* **Task objective**
From the listing below, pull each line that includes "lampade".

* **Supplied data**
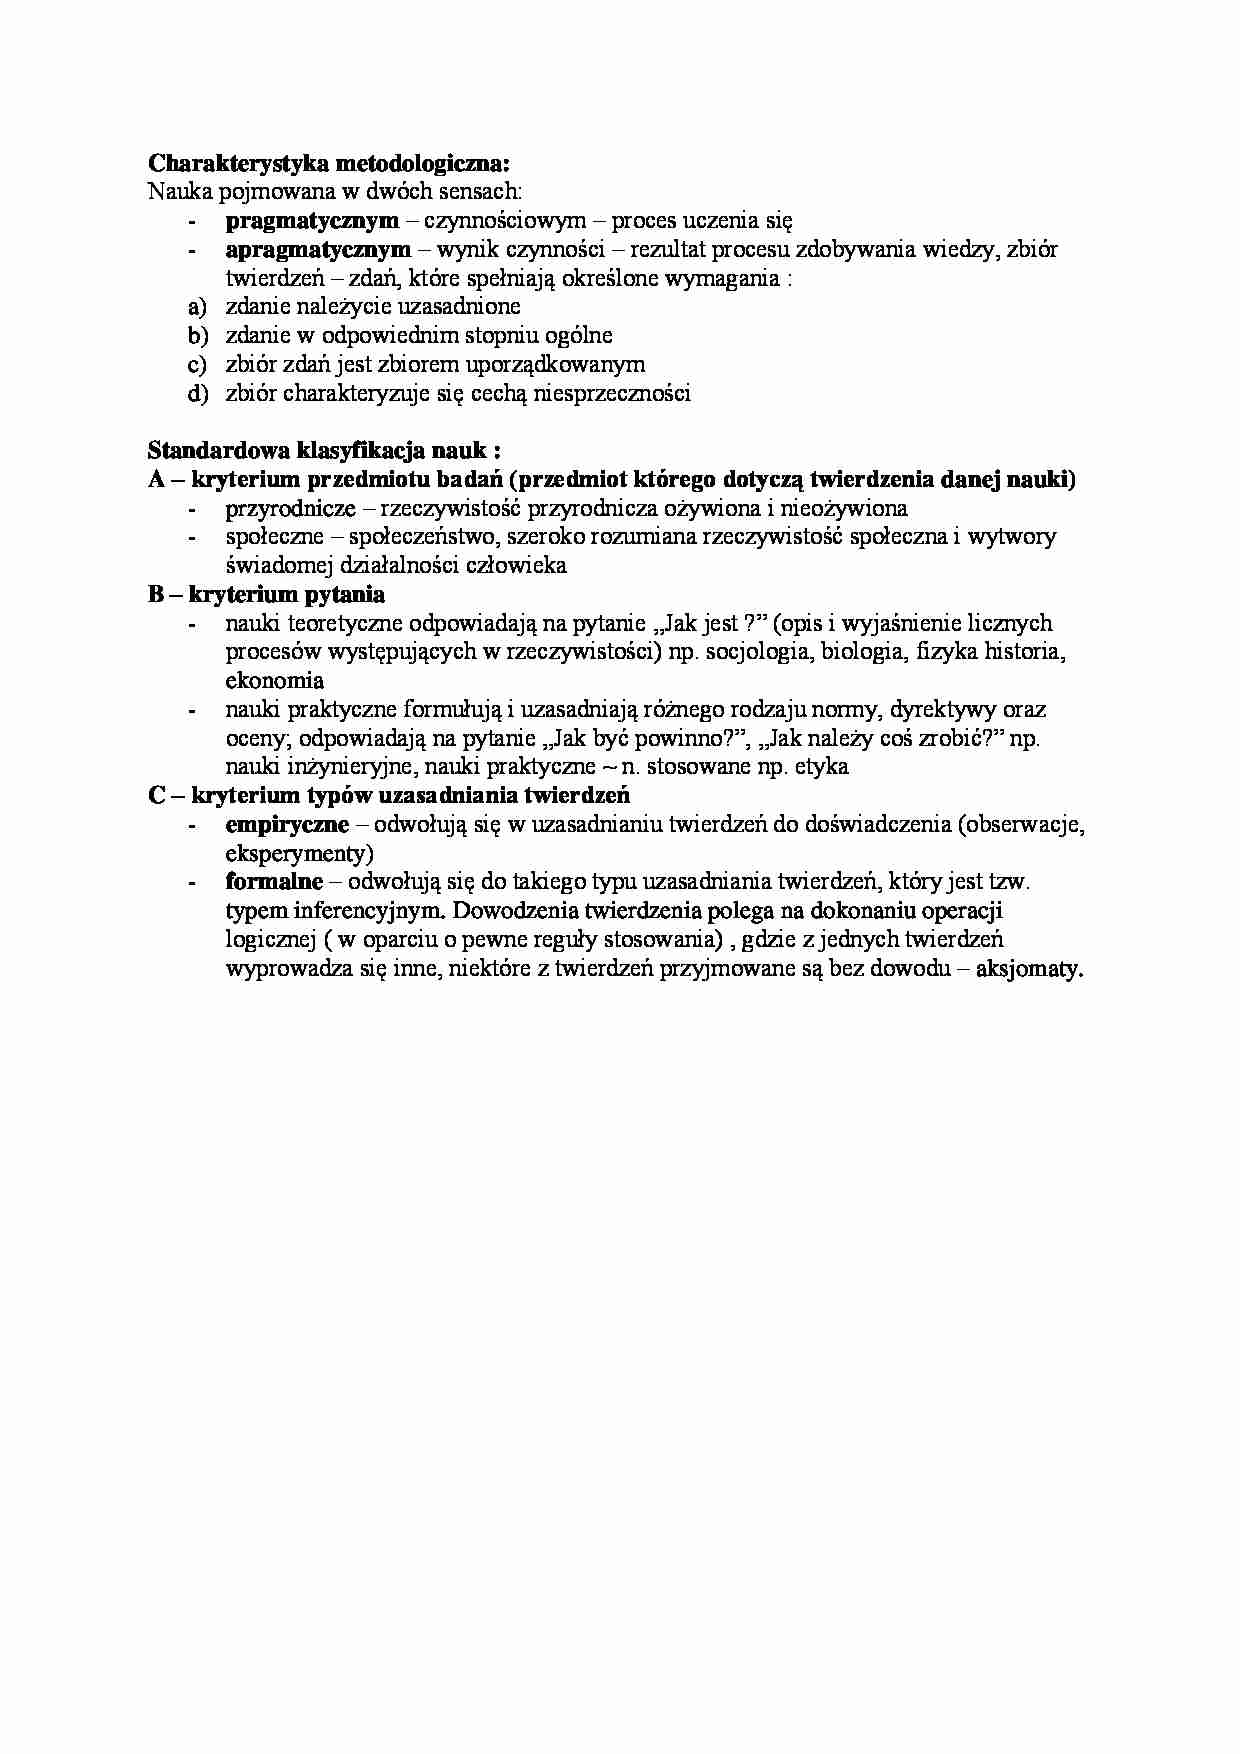 Charakterystyka metodologiczna - wykład - strona 1
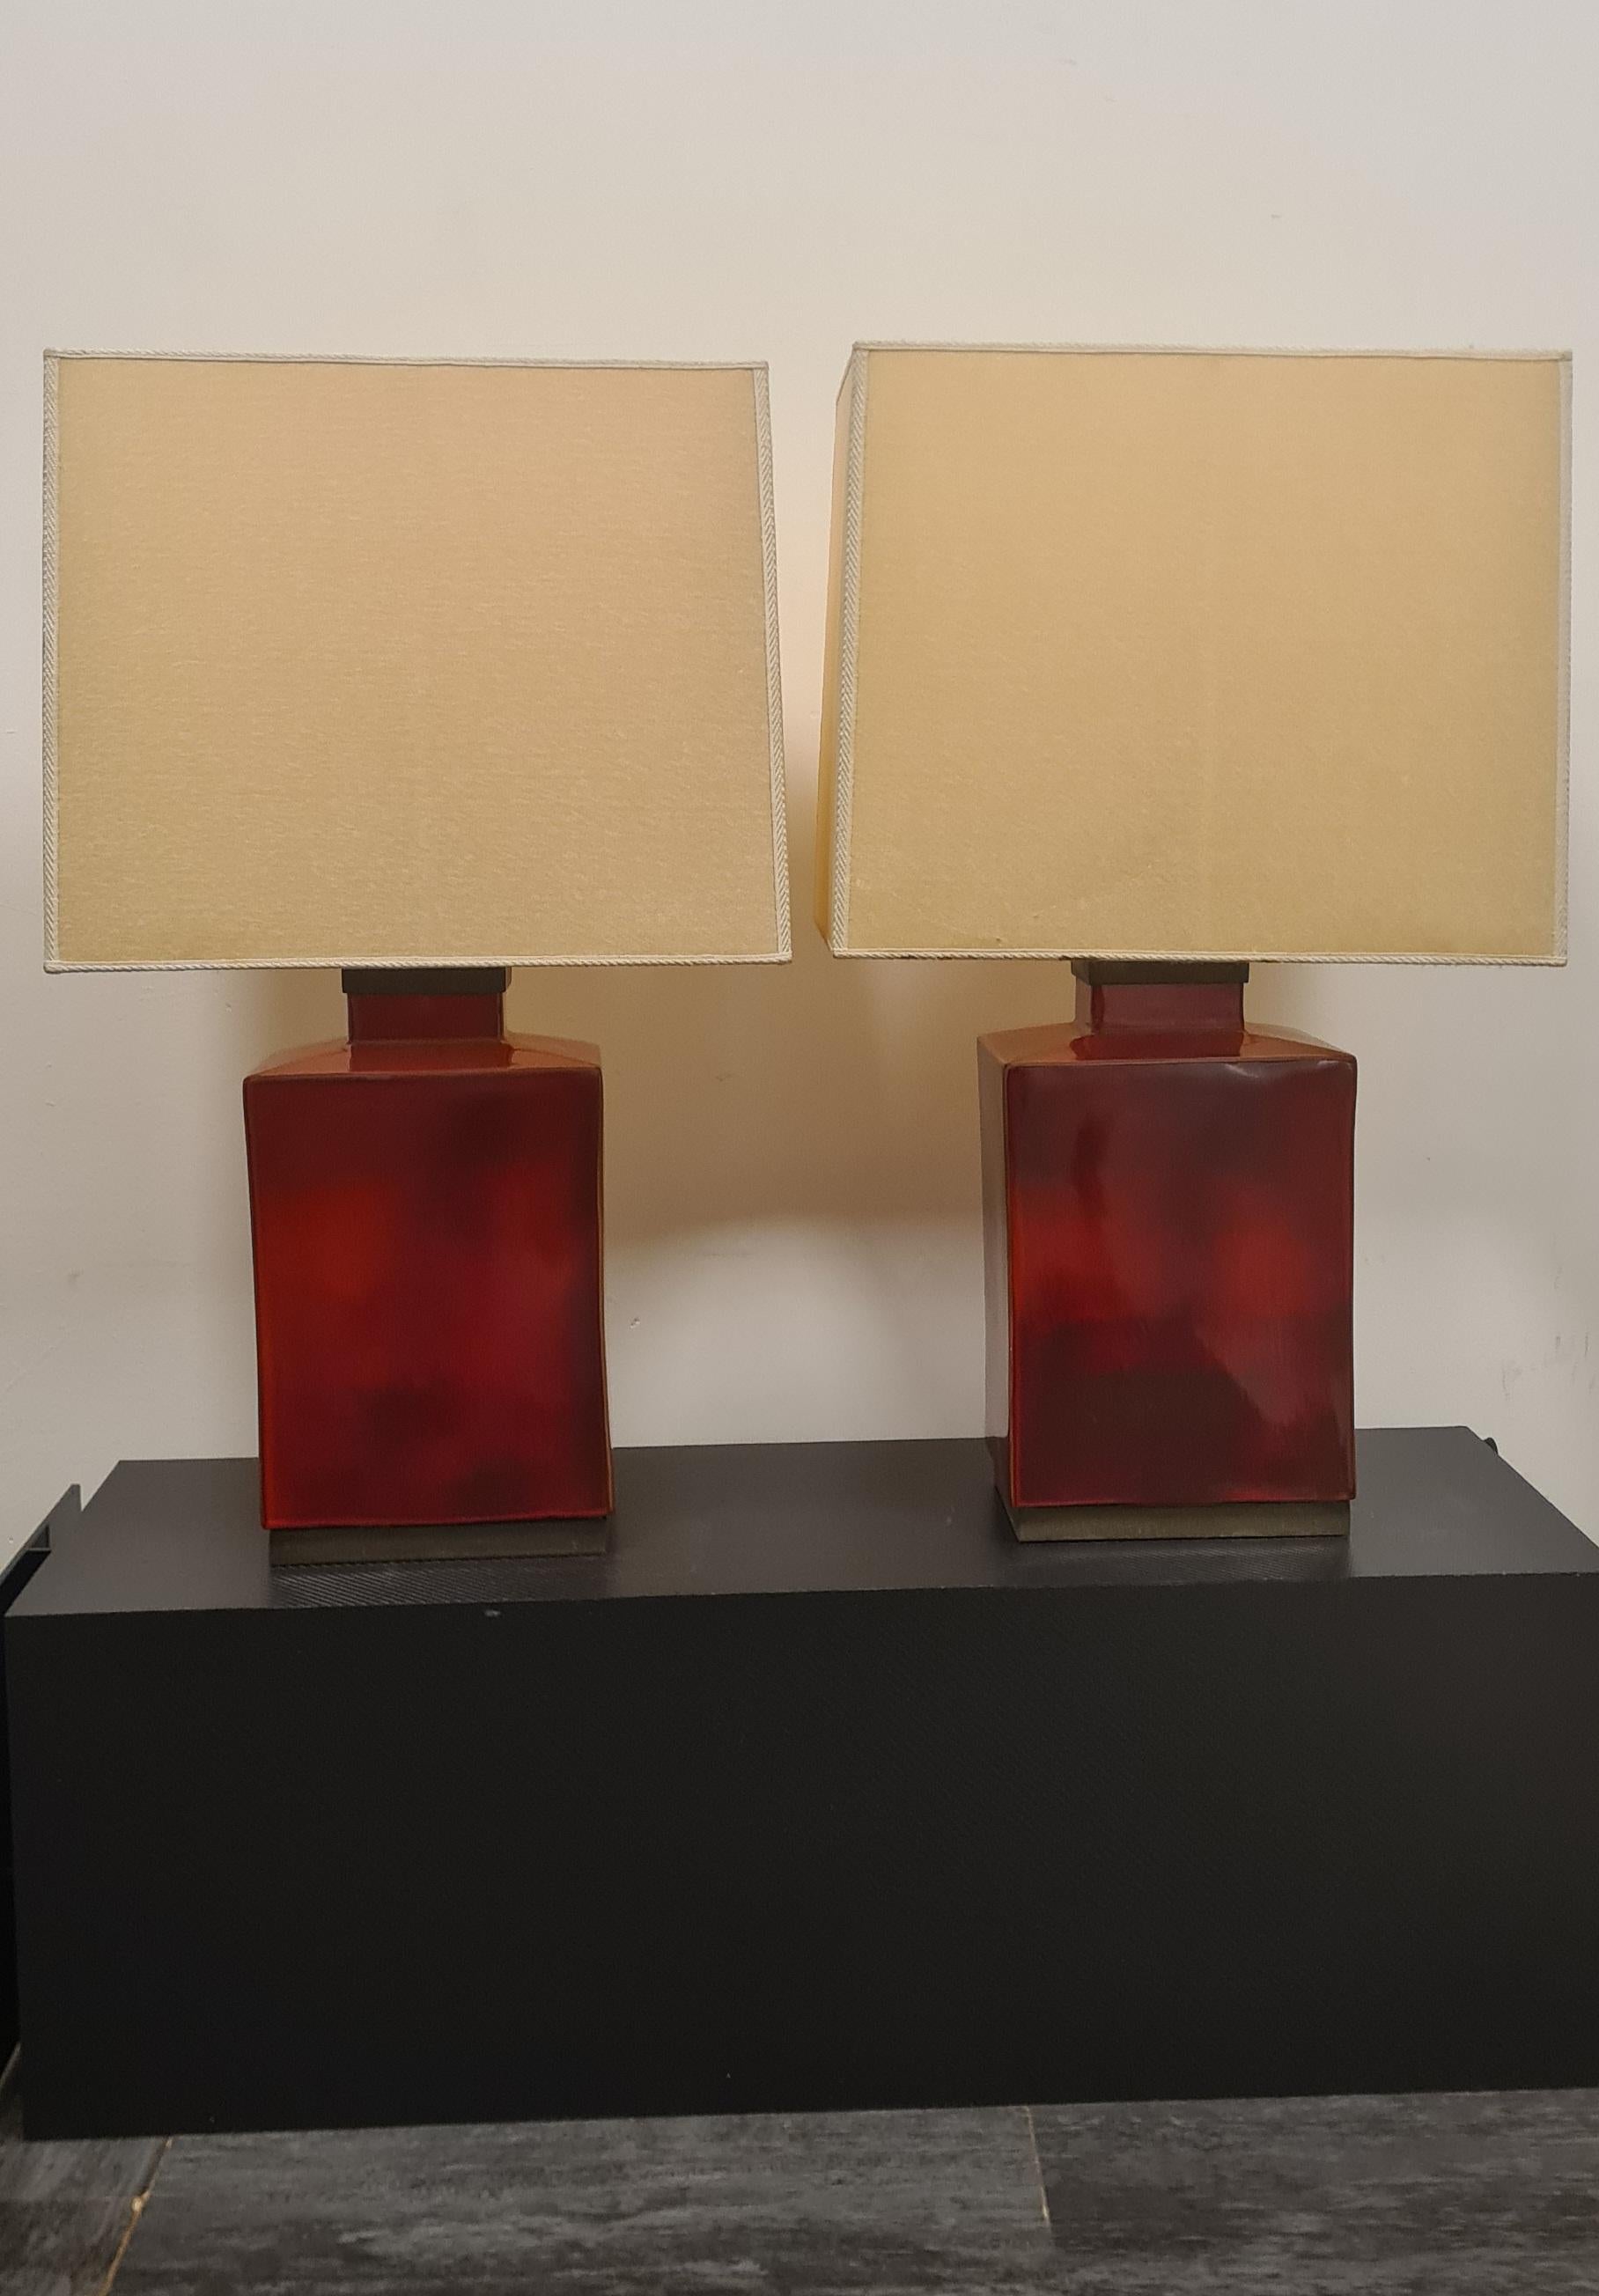 Coppia di abat-jour in ceramica smaltata rosse e ottone.

Queste eleganti lampade da tavolo rosse aggiungeranno un tocco di vivacità e stile a qualsiasi ambiente

Collocabili negli anni 80', le lampade sono un esempio di raffinatezza ed

* **Task output**
Queste eleganti lampade da tavolo rosse aggiungeranno un tocco di vivacità e stile a qualsiasi ambiente
Collocabili negli anni 80', le lampade sono un esempio di raffinatezza ed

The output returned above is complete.